| Work instruction |
Nothing but an exact copy is asked for: the lines in the material below from the one with "La reine Elizabeth" through the one with "Le Millennium Bridge", pictures excluded.

| Given data |
- - - - -

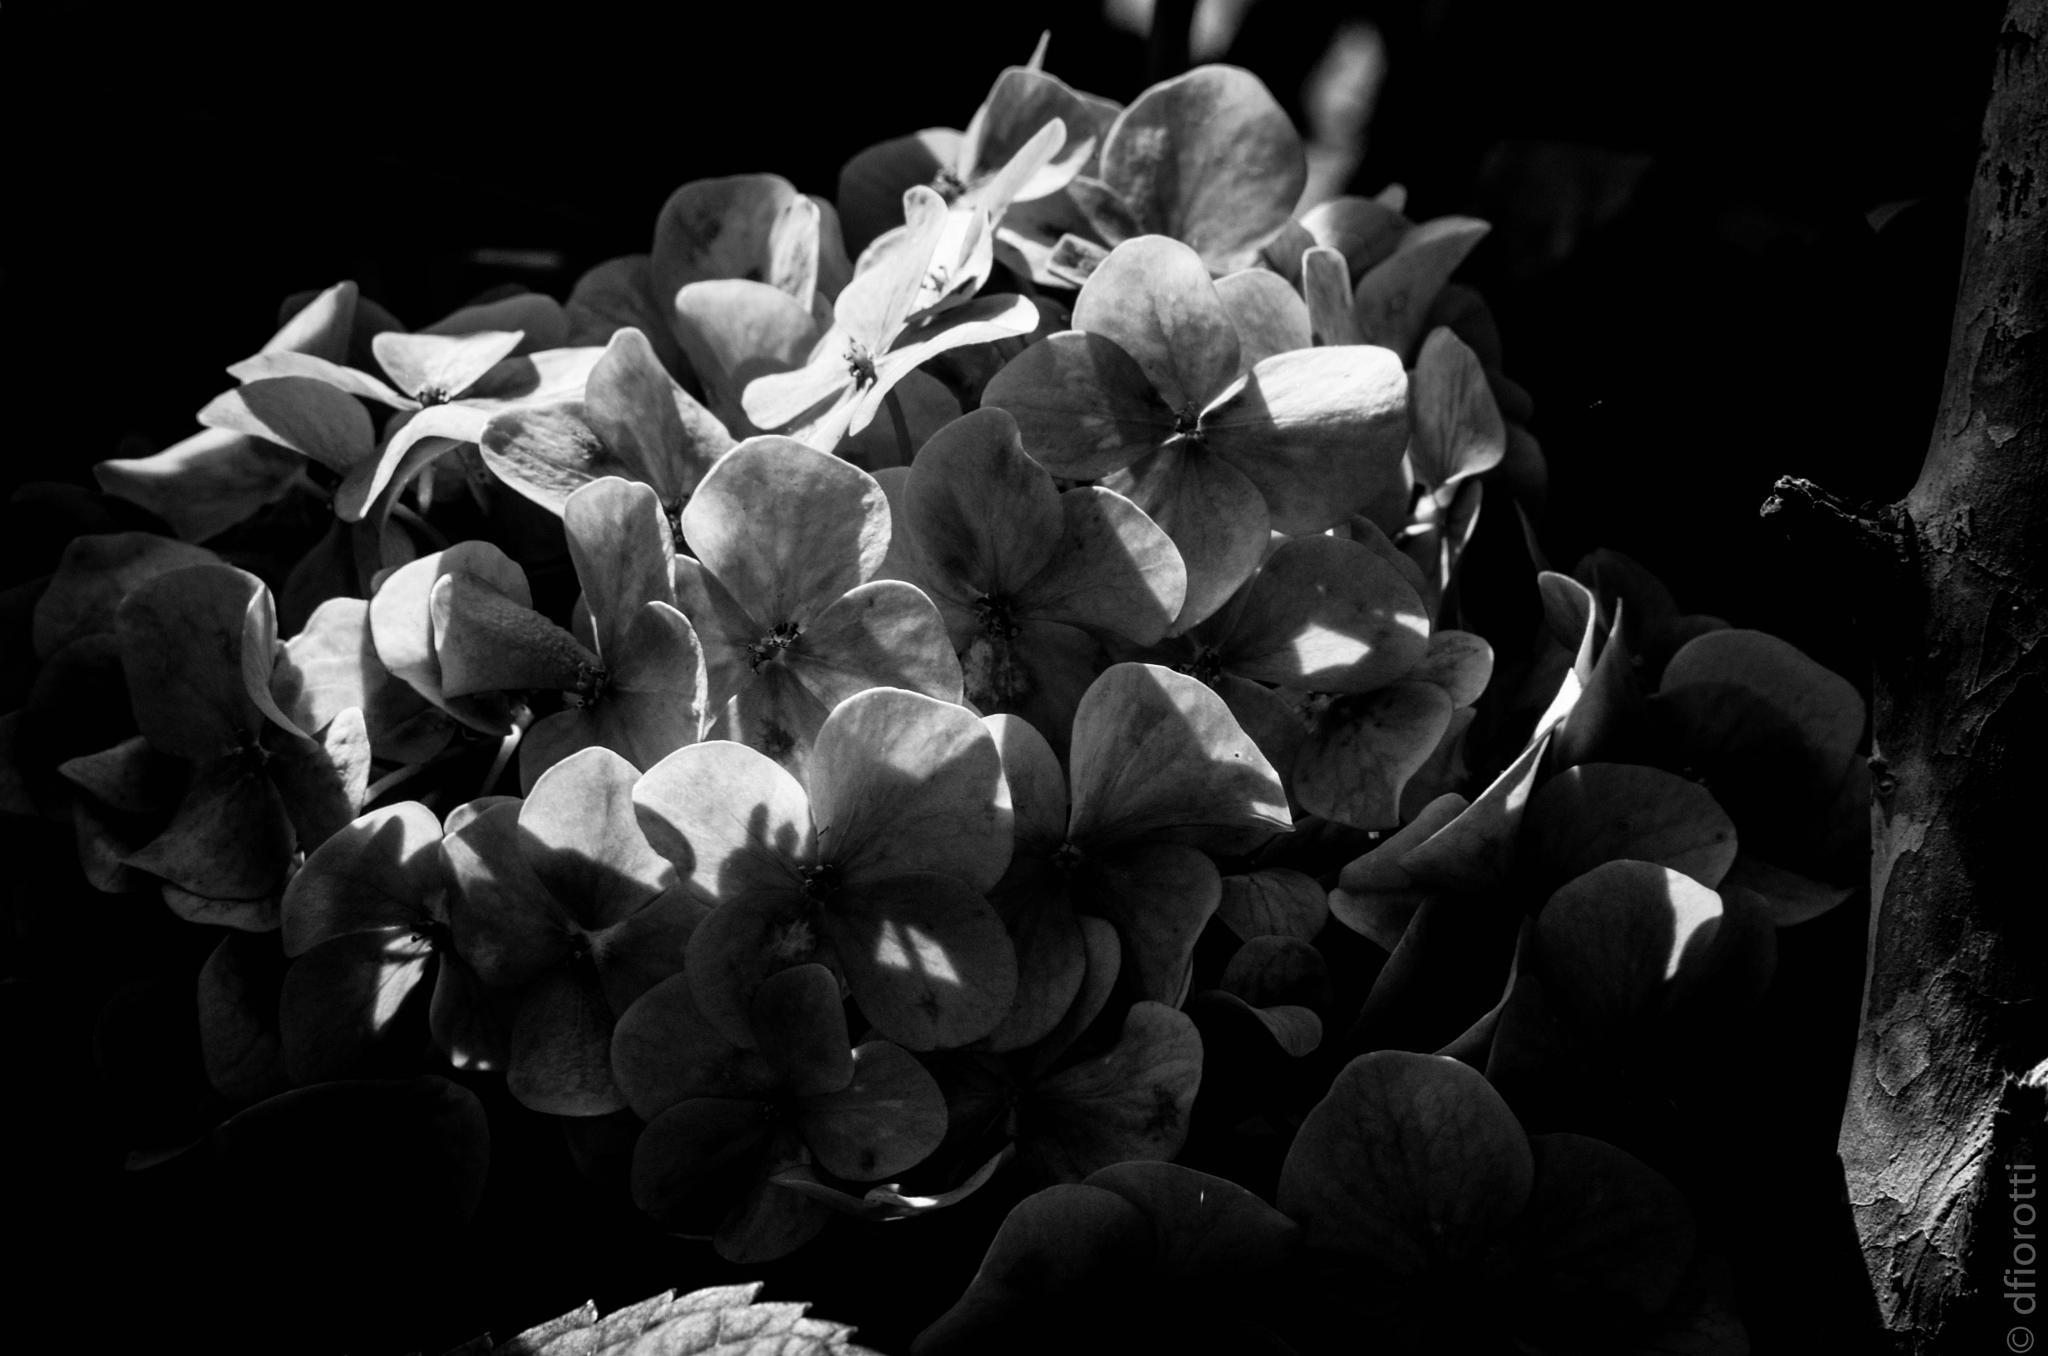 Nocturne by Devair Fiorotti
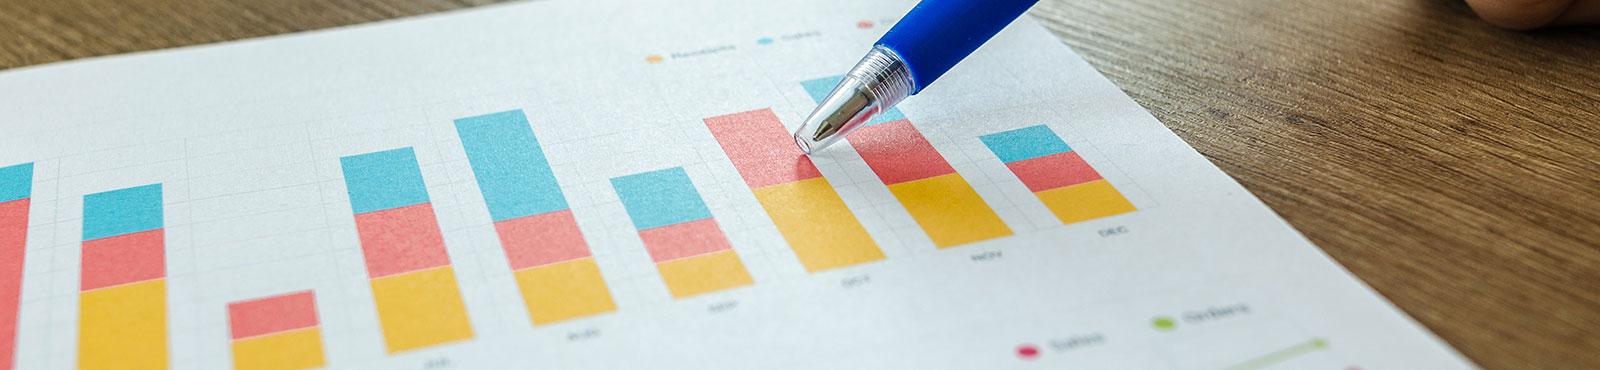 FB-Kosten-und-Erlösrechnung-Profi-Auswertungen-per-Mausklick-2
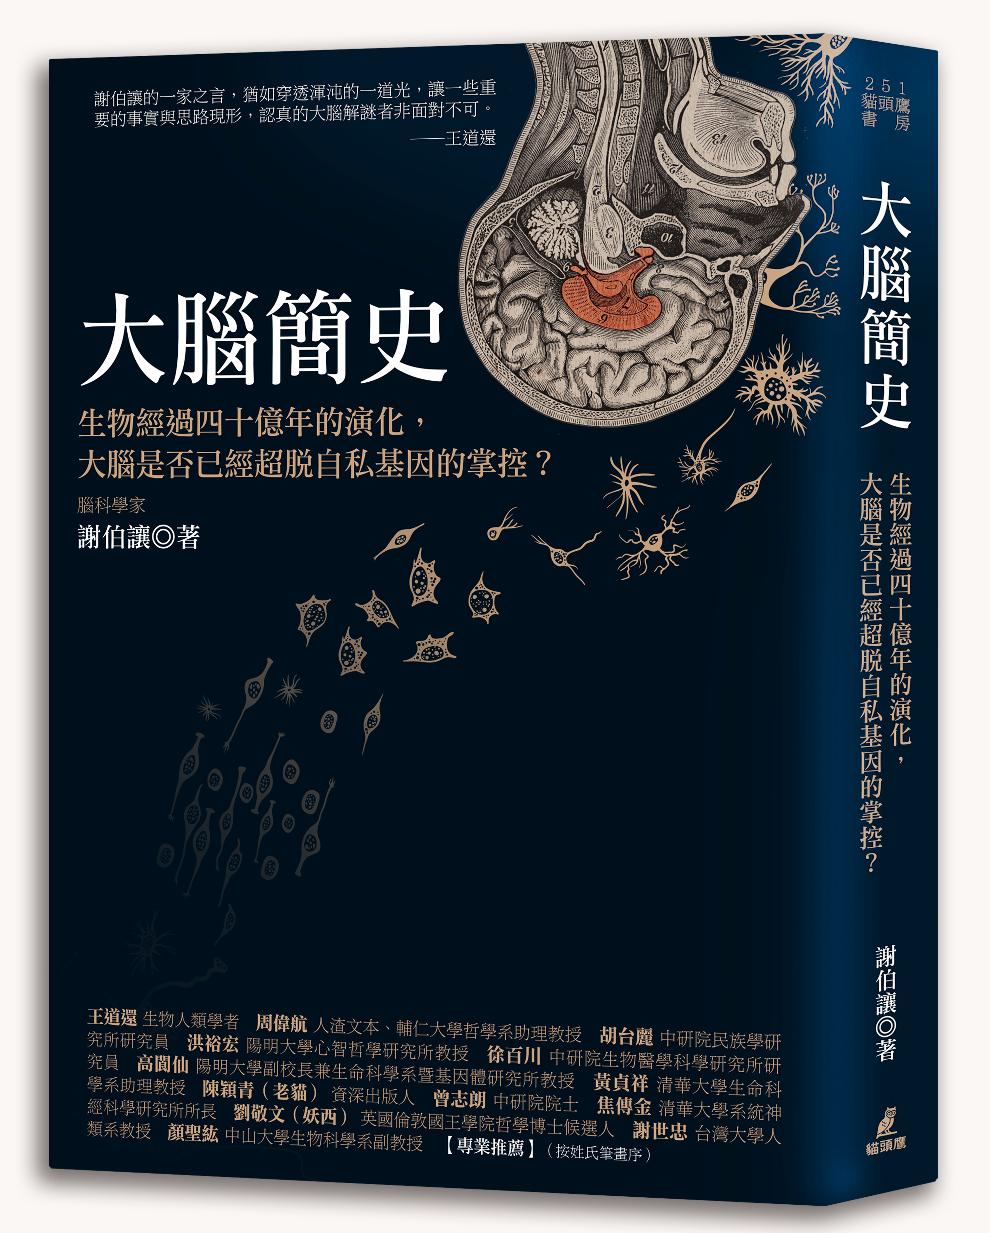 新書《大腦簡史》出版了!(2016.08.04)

- - - - -

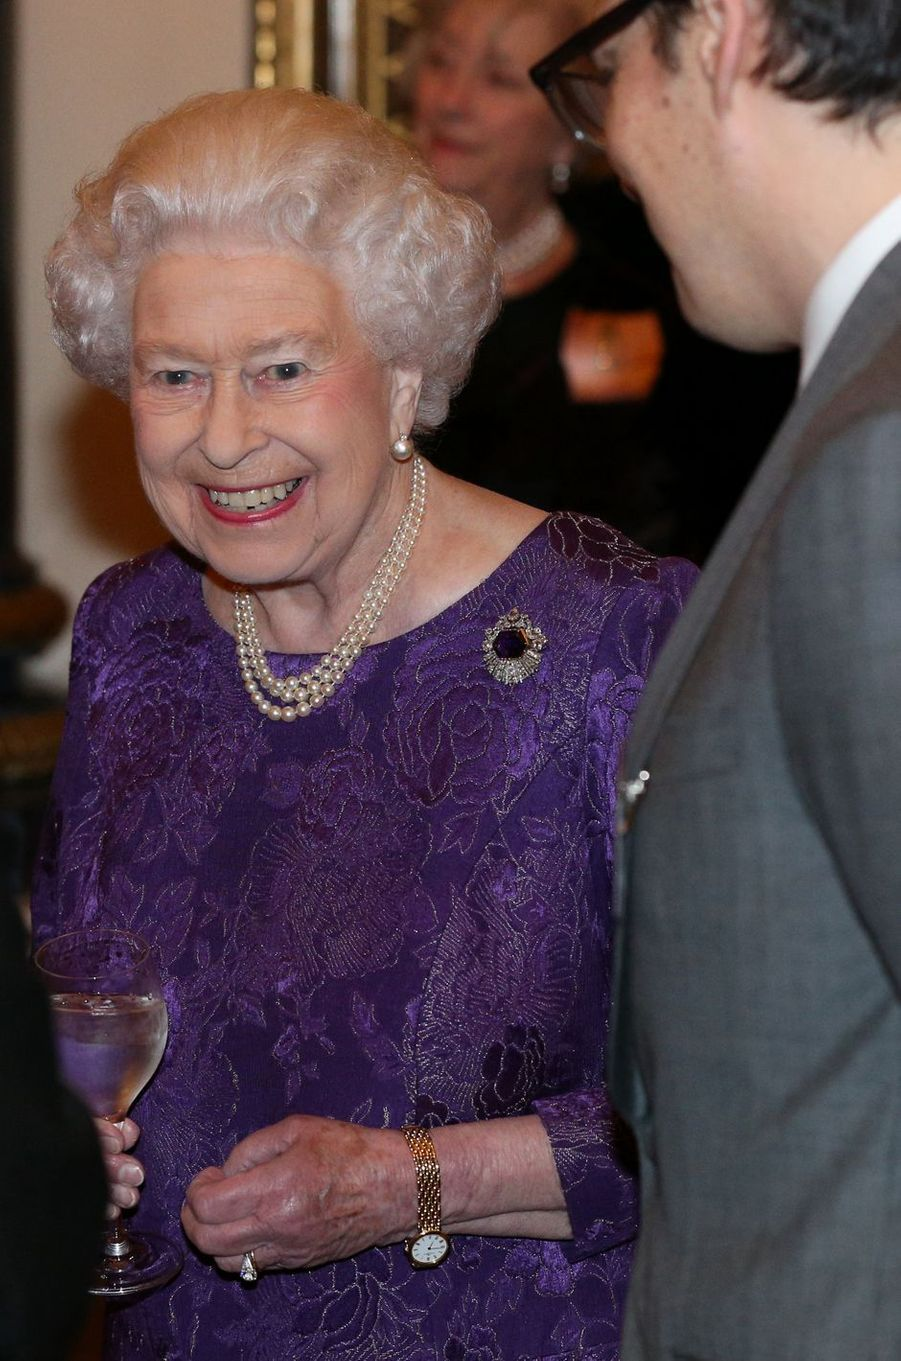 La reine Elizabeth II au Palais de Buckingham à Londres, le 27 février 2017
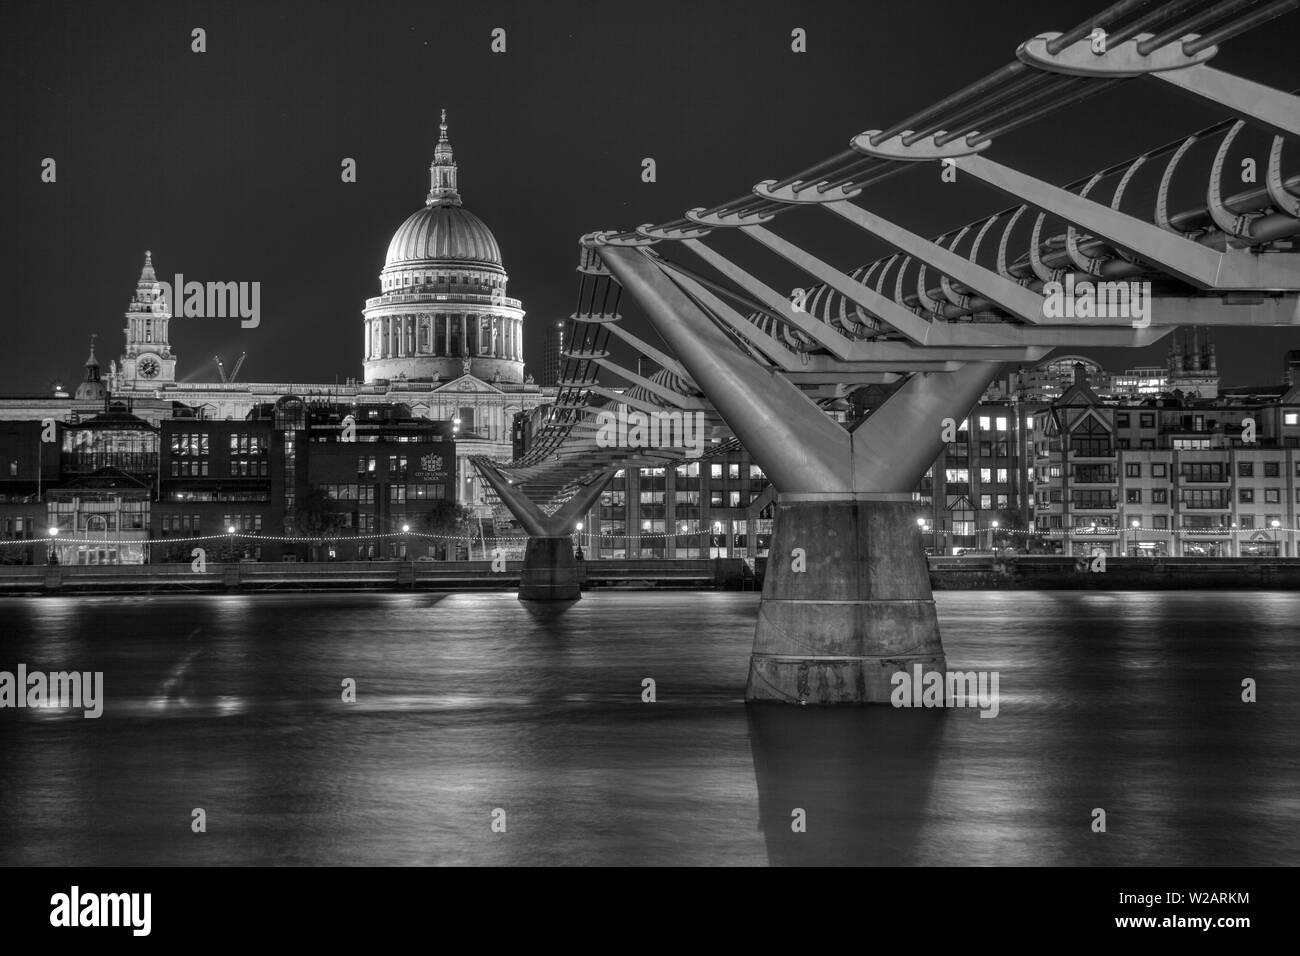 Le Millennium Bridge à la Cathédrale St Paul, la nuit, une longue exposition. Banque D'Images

- - - - -

| Task answer |
 La reine Elizabeth II au Palais de Buckingham à Londres, le 27 février 2017
 Le Millennium Bridge à la Cathédrale St Paul, la nuit, une longue exposition. Banque D'Images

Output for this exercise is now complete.